Our goal within the river component of the Outdoor Program, aligned with the Mission Statement, is to provide a safe, but challenging environment for students to develop their leadership skills, while encouraging a sustainable form of environmental and wilderness ethic. In addition, we've found that students gain an appreciation for the local area and its resources few St. Lawrence students find. Many O.P.-involved students leave St. Lawrence with a body of river knowledge and skill that will no-doubt carry over into life-long recreation and a love of the outdoors.
Recent mid-semester break and weekend offerings have included multi-day whitewater canoe trips in Algonquin Provincial Park, kayaking local whitewater on the Grasse, Raquette, St. Regis, and Oswegatchie Rivers, and whitewater trips to Tennessee, West Virginia, and the Carolina's. The O.P. also offers Swiftwater Rescue to those students participating in the Hadwen Guide Program. The river-based experiences offered by the O.P. will see over 210 student/instructor days this semester alone.
For those with less time to commit, The Canoe Shack on the Little River provides the campus community with boats to explore the Little and Grasse Rivers' on a more spontaneous basis. Last fall, the ‘Shack saw over 350 students and faculty take advantage of the canoes and kayaks.
Through the Hadwen Guide program and the Canoe Shack alone, the water-based programming is employing eleven students this spring.
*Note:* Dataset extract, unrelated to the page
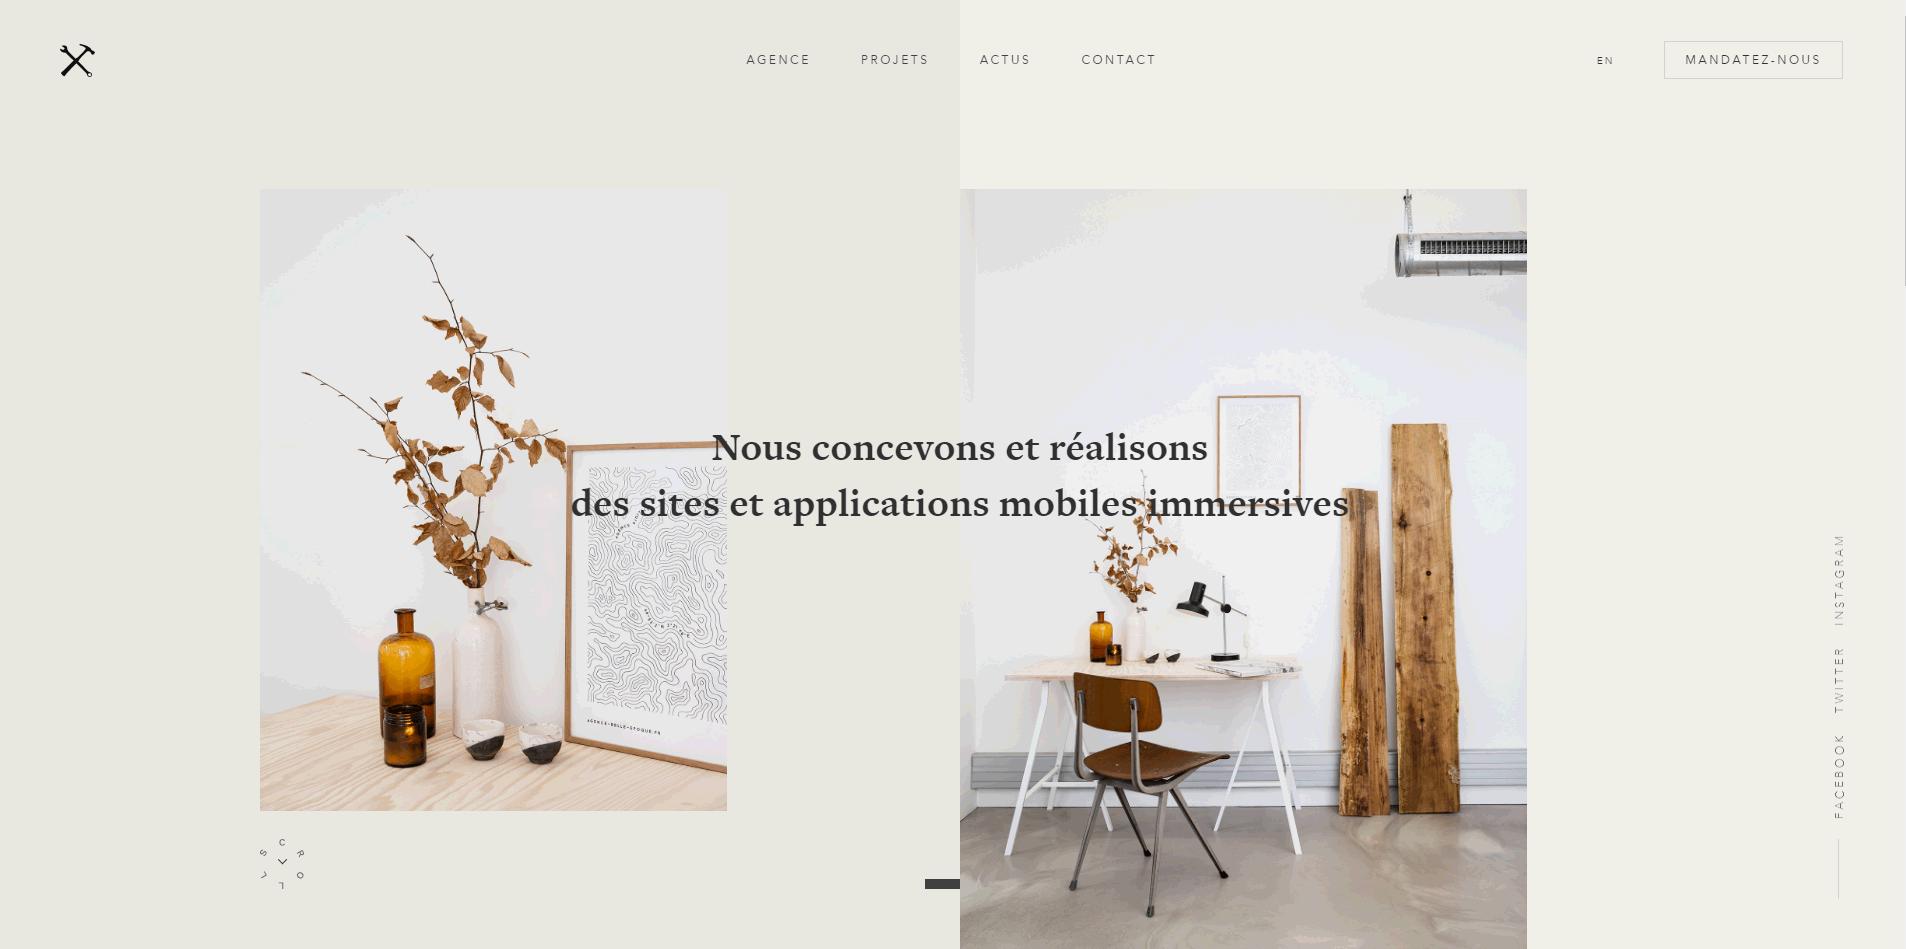 minimalismus2

Not typical student work, these students gain a sense of ownership, responsibility, and leadership skills while on the job.
According to the last National Survey on Recreation and the Environment (2001), a comparison of recreation trends in the U.S., the highest growth rate (over 100% since 1995) in any given outdoor activity was found to be kayaking. Canoeing participation rates rose over 40% since 1994. In the state of Maine, whitewater rafting participants increased from 60,000 people to over 91,000 in 2001 (2003 Maine SCORP).
It is our hope that the Outdoor Program's water-based curriculum will help support these national trends toward a more outdoor-oriented populace. Finding value in unpolluted, pristine rivers, whether it be intrinsically, recreationally, or for survival, is the first step in conserving and preserving these resources, which ultimately, should be everyone's goal.